I’m sorry for the delay in releasing the latest podcast, however excuses are included in the podcast which include the weather and illness throughout the year.

However I am trying to get things back on track, and we kick off once again on a topic which is effecting our ever changing outdoors world and the way we research our forthcoming adventures.

Namely good old trusty maps and sparkling new shiny eBooks.

I recently went to one of the very few shops in the UK which specialise in Maps, which just so happens to be local to me. The Map Shop in Upton Upon Severn, has been a thriving cartography business for some 30 years. However things are obviously changing for them as the media landscape is evolving. (Facebook page)

John Baker is one of the partners and he spends time with me explaining some of the services they offer and we discuss his customer base, who are looking for hard copy maps and their future.


Andy takes a different angle and takes two releases from Cicerone Press in both hard copy and eBook format, to see if and what any particular benefits might be using either system.

In this case he looks at The Robert Louis Stevenson Trail by Alan Castle and Scotland by Chris Townsend

They all have their positives and negatives and it is interesting to see that each have a place depending on your own style or collating and gathering information before setting off.

Other podcast resource links mentioned: The Calendar Road

Music provided by Jim Fidler

2 thoughts on “No 351 – Reviewing hard copy maps and eBooks”

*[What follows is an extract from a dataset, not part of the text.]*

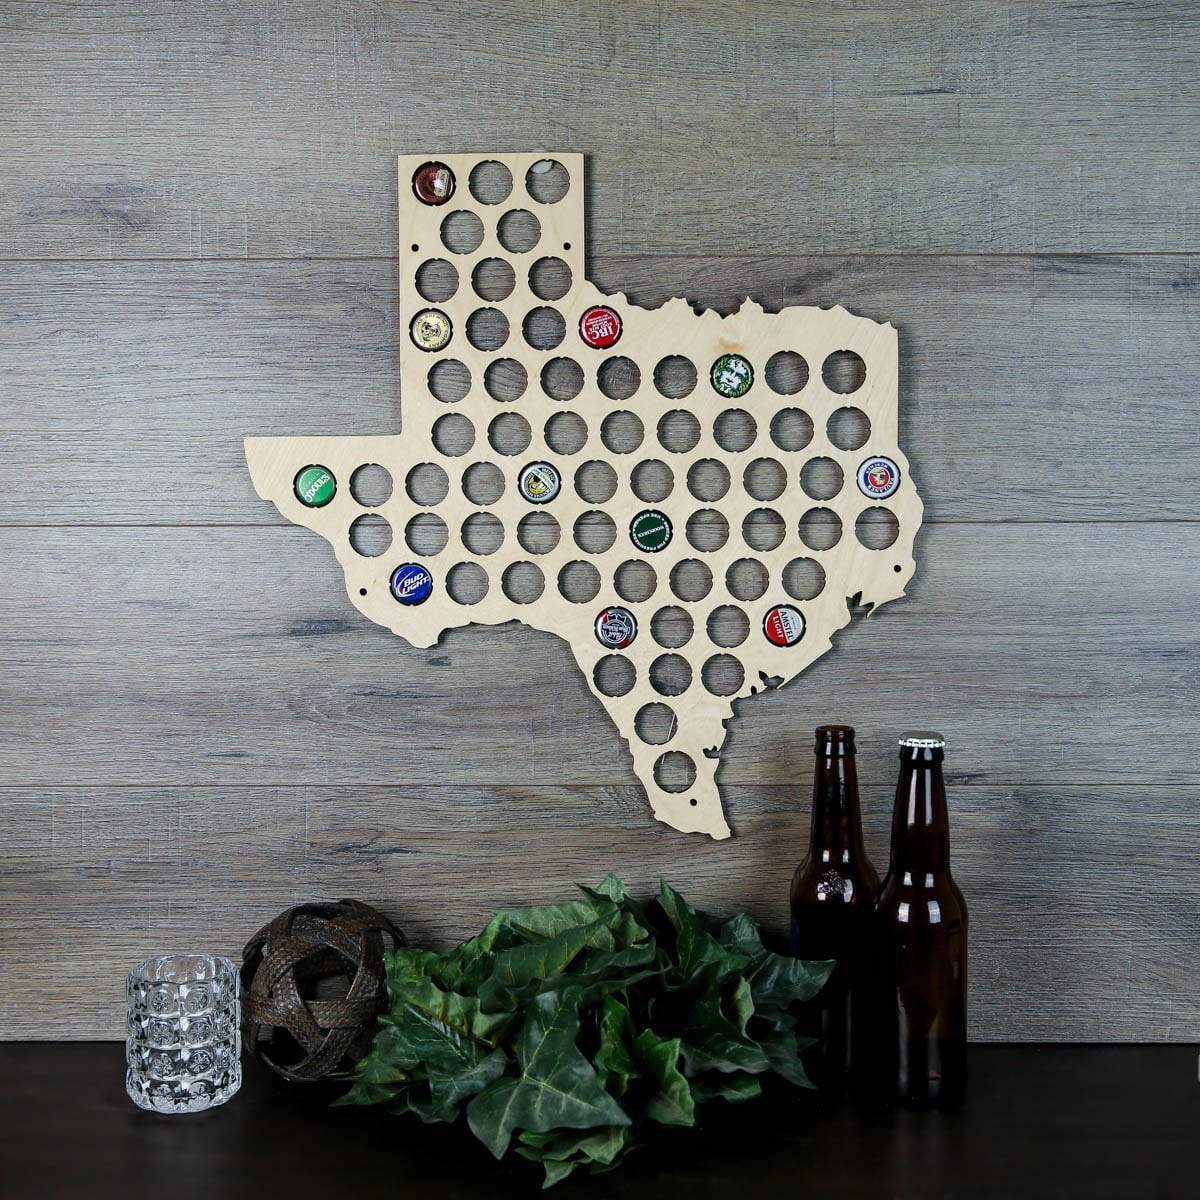 Torched Products Beer Cap Map Texas Beer Cap Map

  1. Whoops, just realized I also left this comment on the wrong podcast. Please delete the other comment!

    Enjoyed the latest podcast. I would just like to point out that you can view Kindle books in colour, just not on the original Kindle. There is a Kindle app for just about every platform – Linux, iPad, Android and Windows (spit:). This will show your book in glorious colour.

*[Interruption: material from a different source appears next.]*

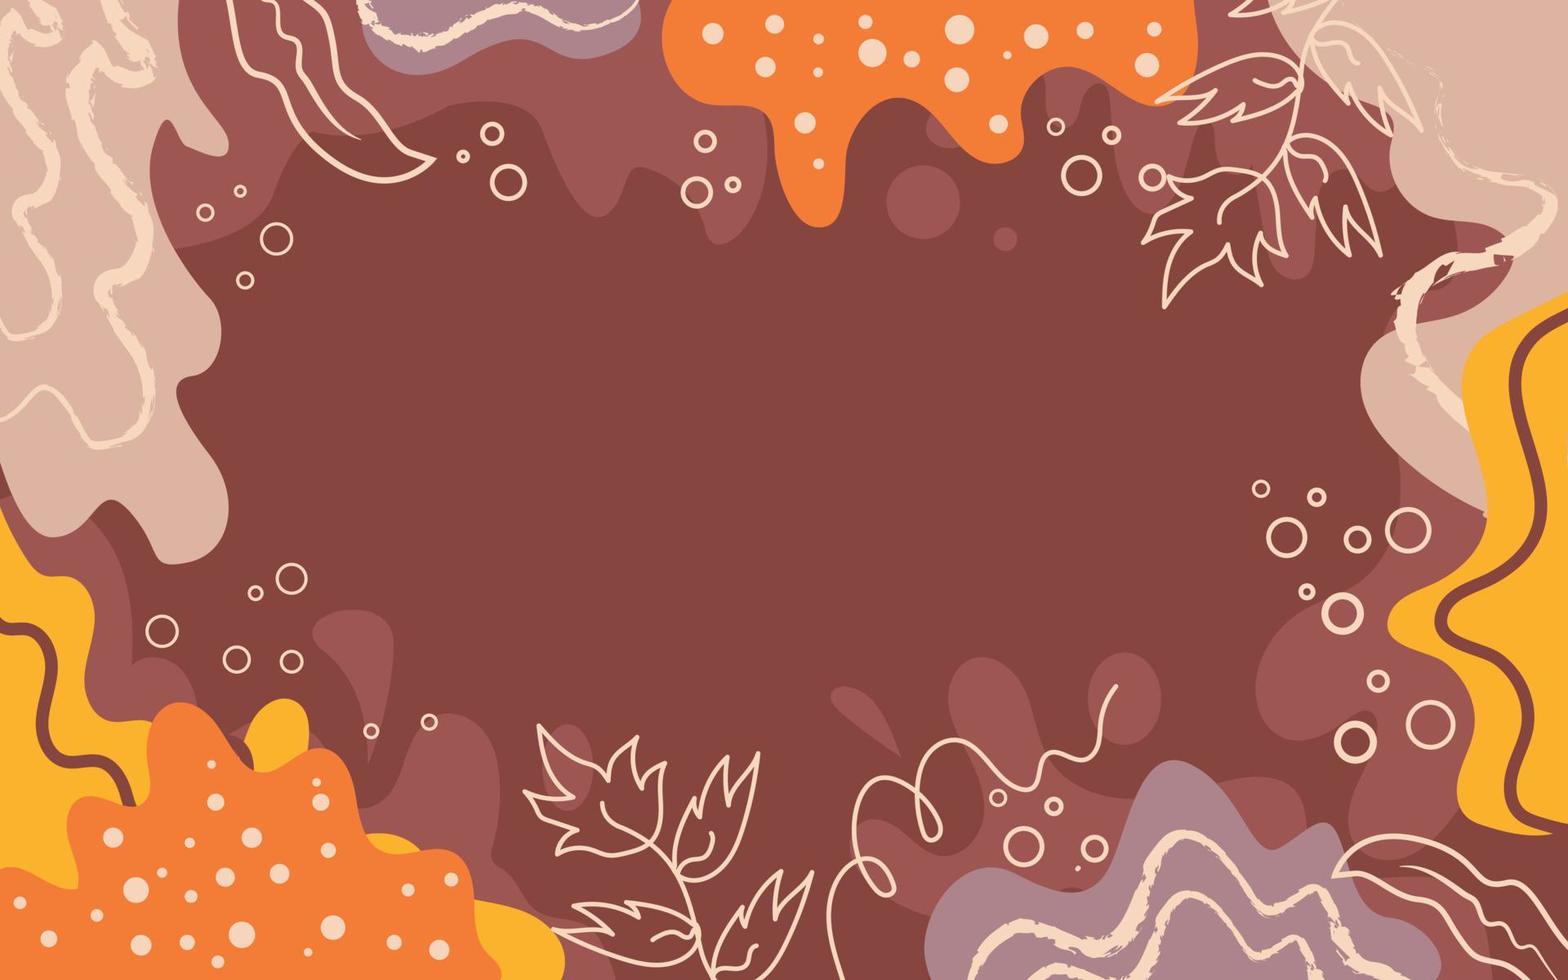 Hand drawn abstract nature doodle background vector

    Thus it’s probably better to buy the Kindle version of the book, as you can read it on just about anything, so only need to buy it once.

    The non clickable index is a pain. However, if you use the Search function it will give you a list of every page containing the search term, with a clickable link. In many ways this is better than the index, so long as you can remember how to spell Ben VeryLongScottishAndHardToSpell.


  2. Hi

    I know it’s a bit late, but the review makes a number of points that are confused/confusing:

    – bookmarks and highlighting. You *can* do this with other eBook reading software – so perhaps this is a limitation of the app provided by Cicerone. The same thing applies to ‘go to’ a particular page or search for the name of a place. If these things are important to you then there are other eBook reading apps that also support the Adobe ‘Digital Rights Managment’ system such as Kobo and Bluefire and you could read the books with these – you need to ‘authorise’ the device, but once this is done they are at very easy to use;

    – being able to click on a reference in the index and go to a particular page is also something that should be possible – but it takes times to set out the links and cross-references so sadly many publishers don’t bother;

    – as the reviewer points out, if you want to view the eBook on a Kindle then you need to buy the Kindle version. However, there are other eReaders (eg from Kobo and available from WHSmith) that will support the ‘ePub’ format and still allow you to have the advantages of low battery consumption. Alternatively as the previous commenter noted, you could also buy the Kindle version and download the Kindle software to enable you to view it on an IPad etc or a PC/Mac. You can also get eBook reading software that would let you view the book on a smartphone of iPod touch – not ideal for reading, but useful if you want to be able to refer to it while on the road.